滑动窗口日志（Sliding Window Log）记录每个请求的时间戳，窗口随时间滑动，始终检查「过去 N 秒内」的请求数。

// 滑动窗口日志限流器 — 精确计数
class SlidingWindowLogLimiter {
  constructor(maxRequests, windowMs) {
    this.maxRequests = maxRequests;
    this.windowMs = windowMs;
    this.logs = new Map(); // key → [timestamp1, timestamp2, ...]
  }

  isAllowed(key) {
    const now = Date.now();
    const windowStart = now - this.windowMs;

    // 获取或初始化日志
    if (!this.logs.has(key)) {
      this.logs.set(key, []);
    }
    const timestamps = this.logs.get(key);

    // 清除过期的时间戳（窗口滑动）
    while (timestamps.length > 0 && timestamps[0] <= windowStart) {
      timestamps.shift();
    }

    // 检查当前窗口内的请求数
    if (timestamps.length < this.maxRequests) {
      timestamps.push(now);
      return {
        allowed: true,
        remaining: this.maxRequests - timestamps.length,
        total: this.maxRequests
      };
    }

    // 超过限制 — 计算需要等待的时间
    const retryAfter = timestamps[0] + this.windowMs - now;
    return { allowed: false, remaining: 0, retryAfter };
  }
}

滑动窗口日志的精度最高，但内存开销与请求数成正比。如果限制是每分钟 10000 次，你需要为每个 key 存储最多 10000 个时间戳。在高并发场景下，这会消耗大量内存。
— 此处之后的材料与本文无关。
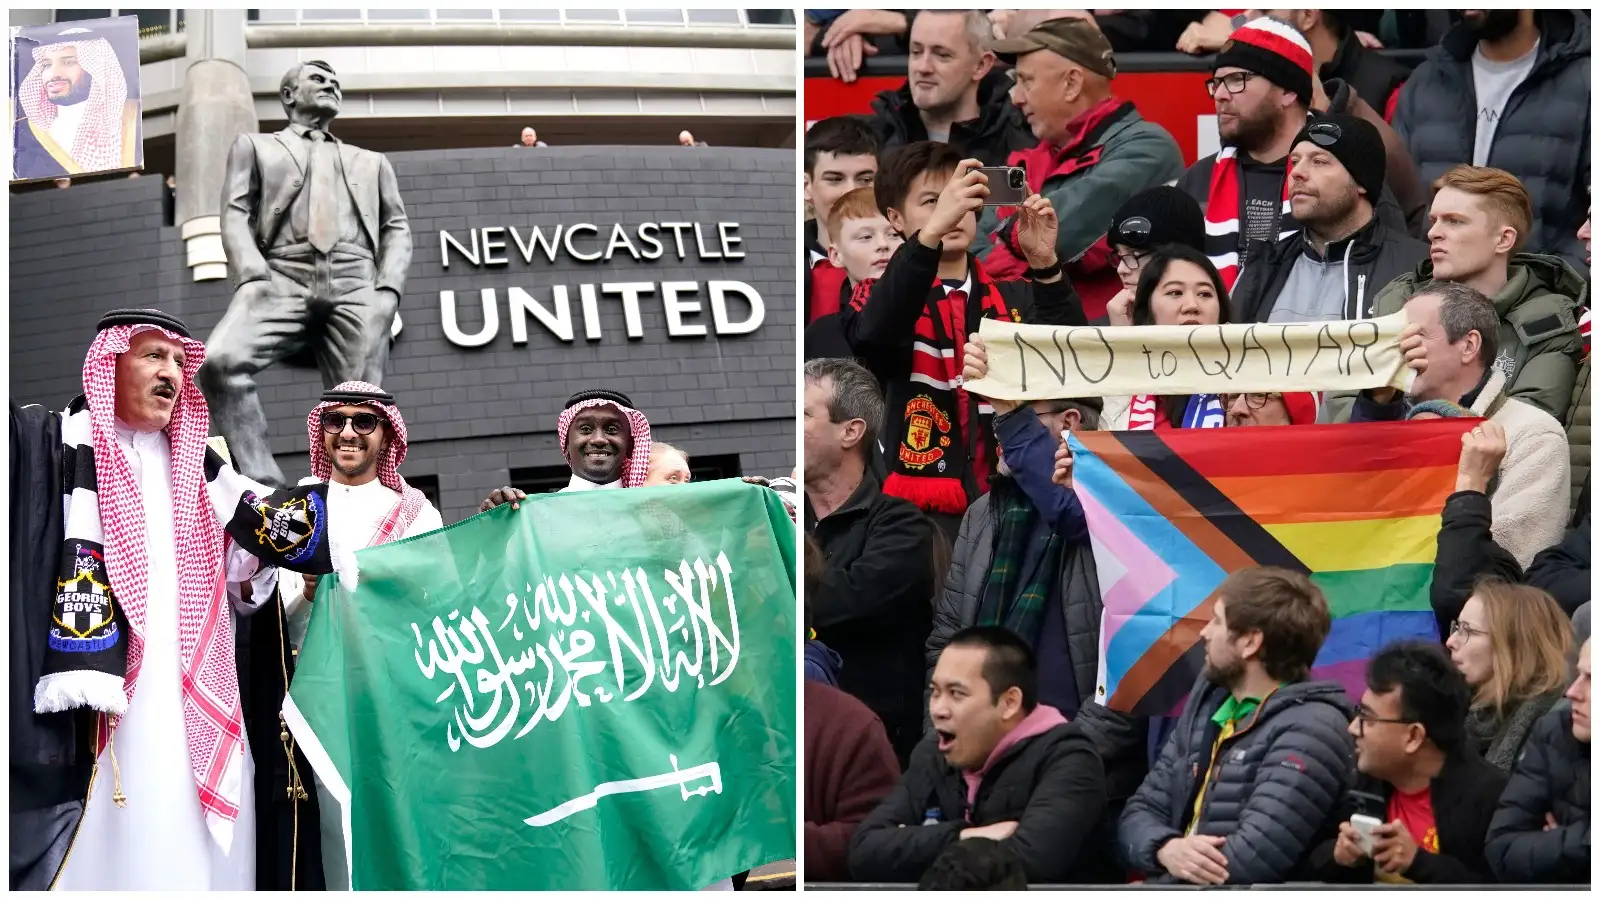 Manchester United fans display a 'no to Qatar' sign, next to an image of Newcastle fans in Saudi dress.

1.3 滑动窗口计数器（Sliding Window Counter）——精度与性能的最佳平衡

滑动窗口计数器（Sliding Window Counter）是生产环境中最常用的方案。它结合了固定窗口的低内存开销和滑动窗口的高精度，通过加权计算两个相邻窗口的请求数来估算当前窗口的实际请求数。

// 滑动窗口计数器 — 生产级实现
class SlidingWindowCounterLimiter {
  constructor(maxRequests, windowMs) {
    this.maxRequests = maxRequests;
    this.windowMs = windowMs;
    // 每个 key 存储：{ prevCount, currCount, currWindowStart }
    this.windows = new Map();
  }

  isAllowed(key) {
    const now = Date.now();
    const windowStart = Math.floor(now / this.windowMs) * this.windowMs;

    if (!this.windows.has(key)) {
      this.windows.set(key, { prevCount: 0, currCount: 0, currWindowStart: windowStart });
    }

    const win = this.windows.get(key);

    // 进入新窗口：当前窗口变为上一个窗口
    if (windowStart > win.currWindowStart) {
      const elapsed = windowStart - win.currWindowStart;
      if (elapsed >= this.windowMs * 2) {
        // 跨了两个以上窗口，全部清零
        win.prevCount = 0;
      } else {
        win.prevCount = win.currCount;
      }
      win.currCount = 0;
      win.currWindowStart = windowStart;
    }

    // 加权计算：上一个窗口的剩余比例 + 当前窗口的计数
    const timeInWindow = now - windowStart;
    const weight = 1 - (timeInWindow / this.windowMs);
    const estimatedCount = win.prevCount * weight + win.currCount;

    if (estimatedCount < this.maxRequests) {
      win.currCount++;
      return {
        allowed: true,
        remaining: Math.floor(this.maxRequests - estimatedCount - 1),
        estimated: Math.ceil(estimatedCount) + 1
      };
    }

    const retryAfter = this.windowMs - timeInWindow;
    return { allowed: false, remaining: 0, retryAfter };
  }
}

// 使用示例
const limiter = new SlidingWindowCounterLimiter(100, 60000);
for (let i = 0; i < 105; i++) {
  const result = limiter.isAllowed('api-key:abc');
  if (!result.allowed) {
    console.log(`第 ${i + 1} 个请求被拒绝，需等待 ${result.retryAfter}ms`);
    break;
  }
}
// 输出：第 101 个请求被拒绝，需等待 xxxms

💡 **提示：**Cloudflare、Stripe、GitHub 等平台的 API 限流都基于滑动窗口计数器实现。它是精度、内存和性能三者的最佳平衡点。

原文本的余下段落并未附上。